SET {OPTIMISTIC | PESSIMISTIC}
The structure of a table may be modified through the ALTER TABLE statement. Within the context of this statement, columns may be added, modified, or removed.
The owner of a table can be changed using the
ALTER TABLE base-table-name MODIFY SCHEMA schema-name statement. This statement gives all rights to the new owner of the table including creator rights. The old owners access rights to the table, excluding the creator rights, are preserved.
Individual tables can be set to optimistic or pessimistic with the command
ALTER TABLE base-table-name SET {OPTIMISTIC | PESSIMISTIC}. By default, all tables are optimistic. A database-wide default can be set in the General section of the configuration file with the parameter Pessimistic = yes.
If transaction early validate is used, update and delete operations use locks for the early validation. Read operations do not lock, but update and delete operations lock the updated or deleted row.
ALTER TABLE TEST ADD X INTEGER; ALTER TABLE TEST RENAME COLUMN X Y; ALTER TABLE TEST MODIFY COLUMN X SMALLINT; ALTER TABLE TEST DROP COLUMN X;
ALTER USER
ALTER USER user-name IDENTIFIED BY password
The password of a user may be modified through the ALTER USER statement.
ALTER USER MANAGER IDENTIFIED BY O2CPTG;
CALL
CALL procedure-name [parameter ...]
Stored procedures are called with statement CALL.
CALL proctest;
COMMIT
COMMIT WORK
The changes made in the database are made permanent by COMMIT statement. It terminates the transaction.
COMMIT WORK;
CREATE EVENT
CREATE EVENT event-name
[(parameter-definition
[, parameter-definition ...])]
Event alerts are used to signal an event in the database. Events are simple objects with a name. The use of event alerts removes resource consuming database polling from applications.

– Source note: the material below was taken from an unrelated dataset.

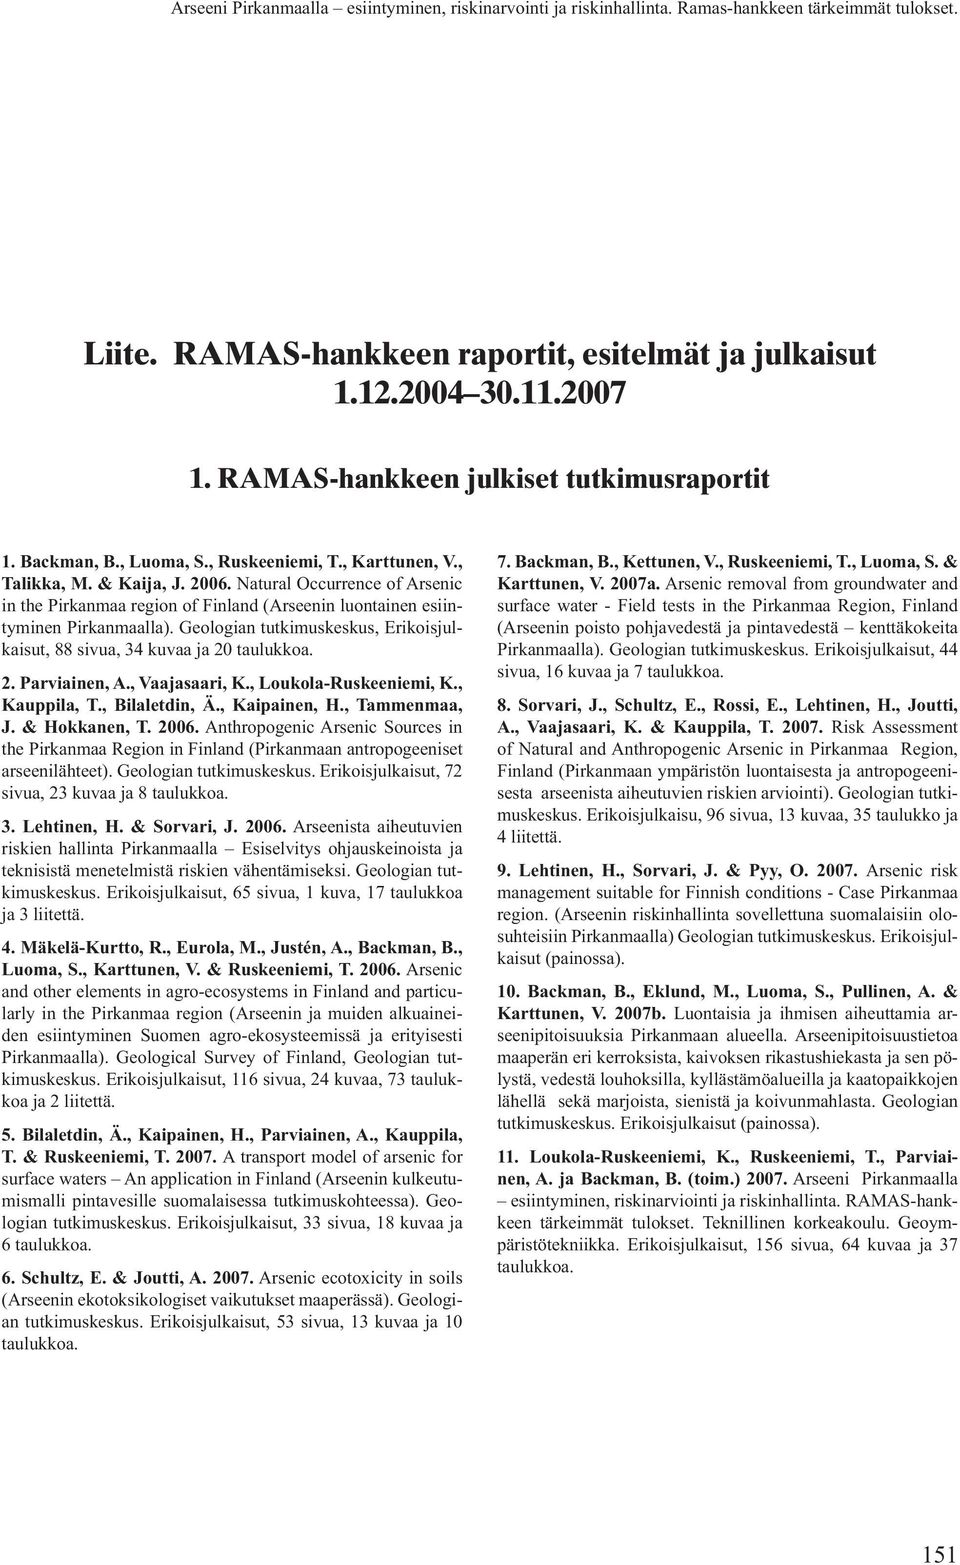 Geologian tutkimuskeskus, Erikoisjulkaisut, 88 sivua, 34 kuvaa ja 20 taulukkoa. 2. Parviainen, A., Vaajasaari, K., Loukola-Ruskeeniemi, K., Kauppila, T., Bilaletdin, Ä., Kaipainen, H., Tammenmaa, J.

An event object is created with the SQL statement
CREATE EVENT event-name [parameter-list]
The name can be any user-specified alphanumeric string. The parameter list specifies parameter names and parameter types. The parameter types are normal SQL types.

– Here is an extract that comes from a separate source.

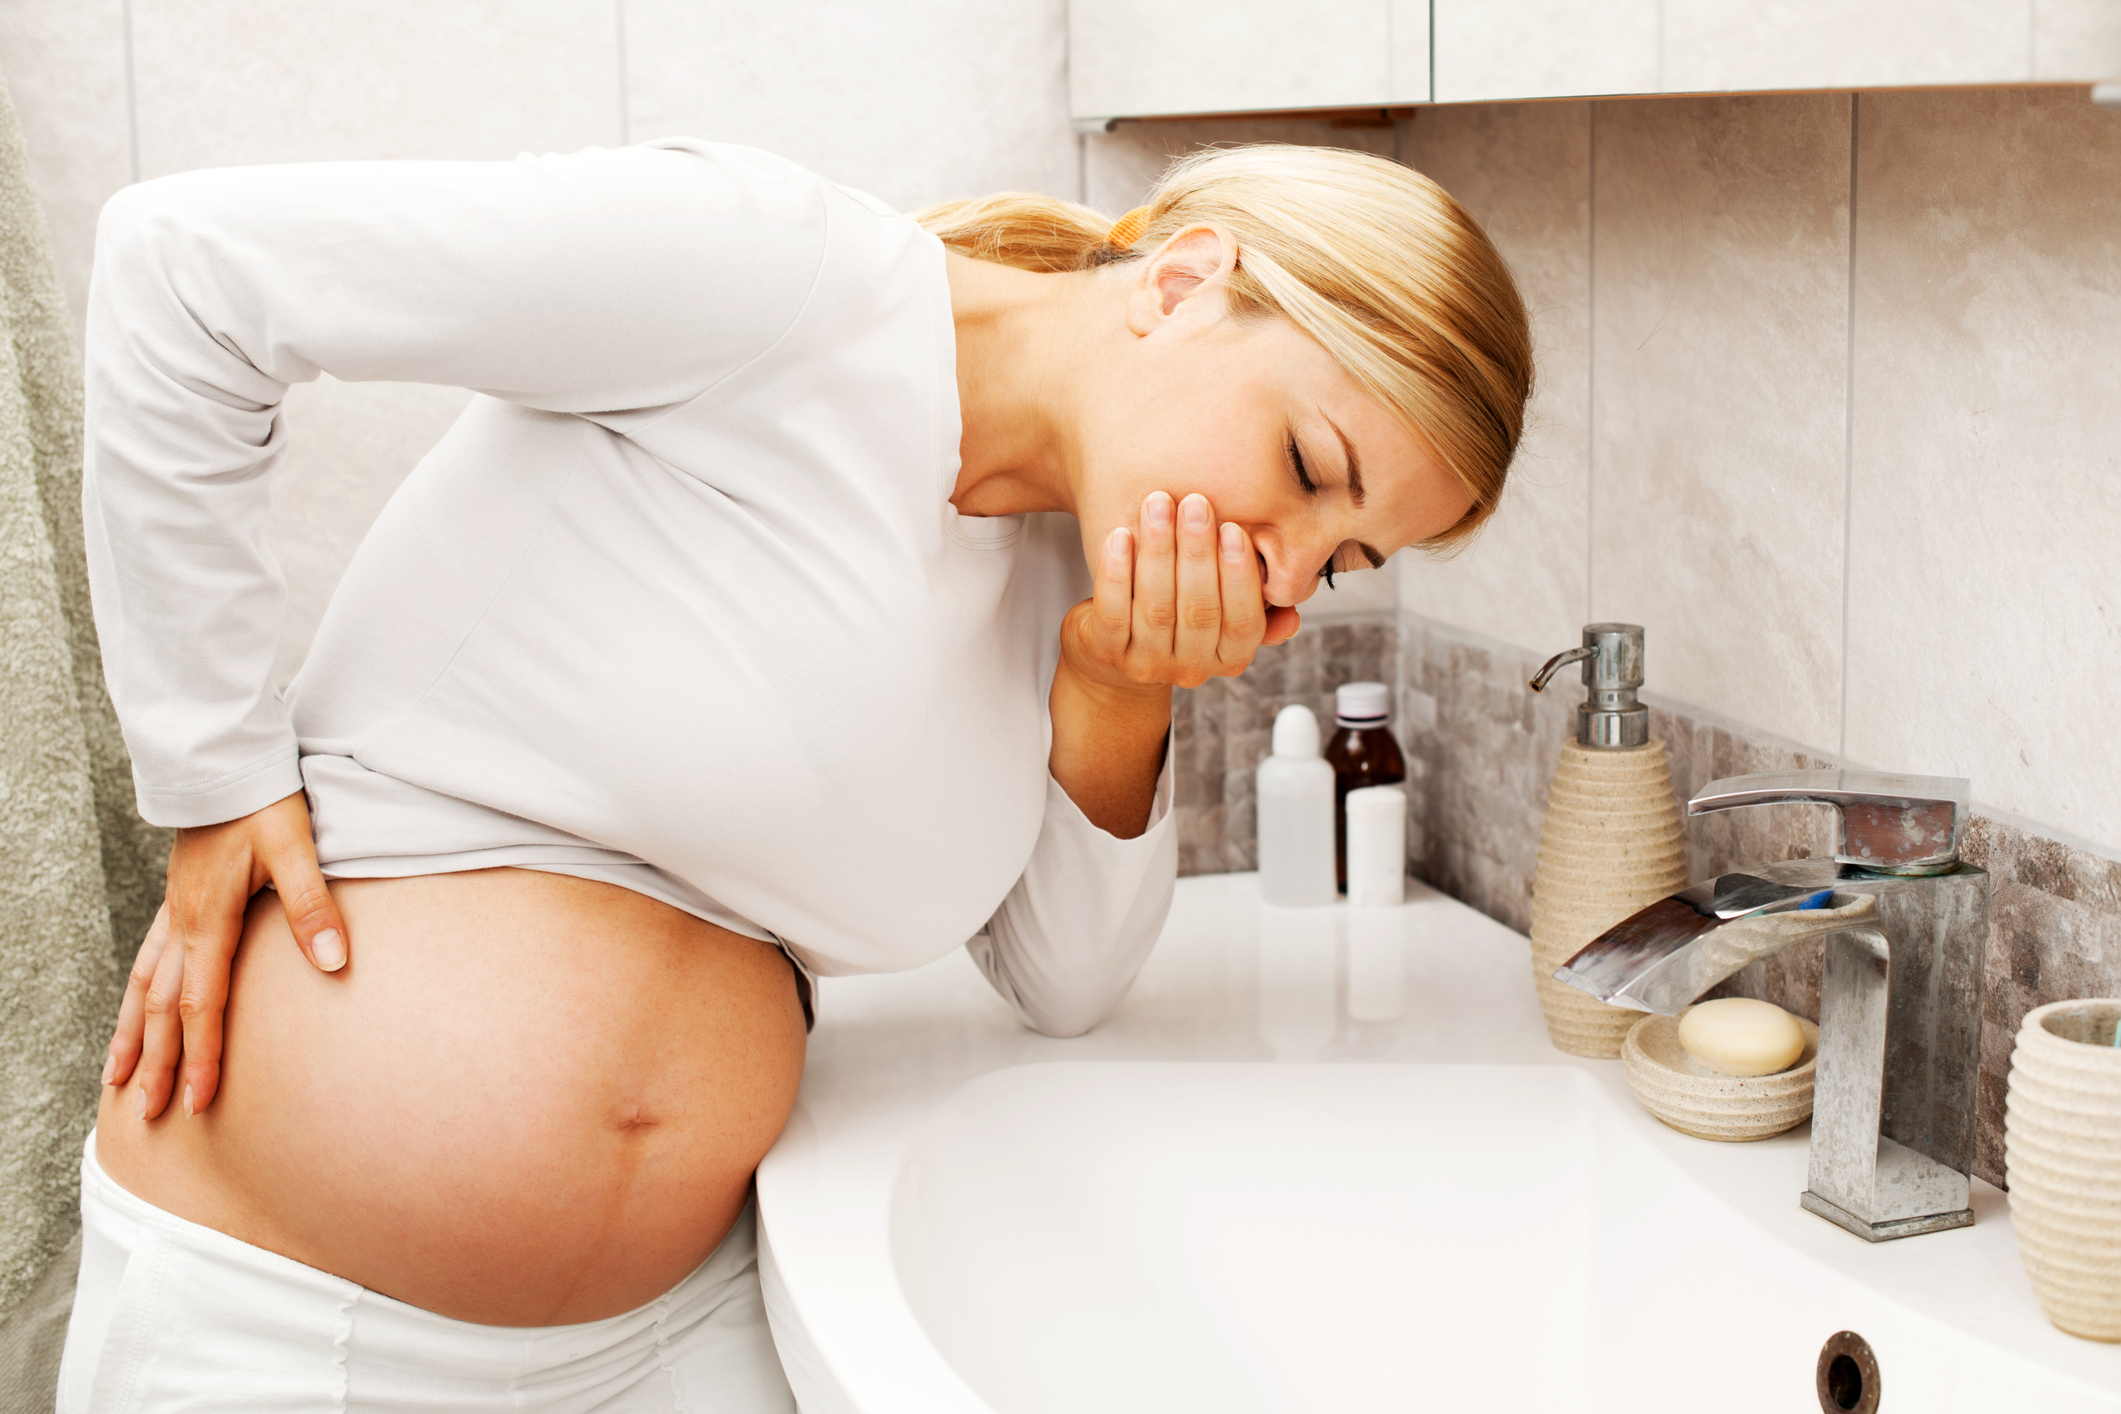 Të vjellat gjatë shtatzënisë shqetësojnë shumë nëna të ardhshme

Events are dropped with the SQL statement
DROP EVENT event-name
Events are triggered and received inside stored procedures. Special stored procedure statements are used to trigger and receive events.
The event is triggered with the stored procedure statement
POST EVENT event-name [parameters]
Event parameters must be local variables or parameters in the stored procedure where the event is triggered. All clients that are waiting for the posted event will receive the event.
To make a procedure wait for an event to happen, the WAIT EVENT construct is used in a stored procedure:
wait-event-statement ::=
WAIT EVENT
[event-specification ...]
END WAIT
event-specification ::=
WHEN event-name (parameters) BEGIN
statements
END EVENT
Example of a procedure that waits for an event:
create procedure "event-wait(i1 integer)
returns (result varchar)
begin
declare i integer;
declare c char(4);
i := 0;
wait event
when test1 begin
result := 'event1';
return;
end event
when test2(i) begin
end event
when test3(i, c) begin
end event
end wait
if i <> 0 then
result := 'if';
post event test1;
else
result := 'else';
post event test2(i);
post event test3(i, c);
end if
end";
The creator of an event or the database administrator can grant and revoke access rights. Access rights can be granted to users and roles. The select access right gives waiting access to an event. The insert access right gives triggering access to an event.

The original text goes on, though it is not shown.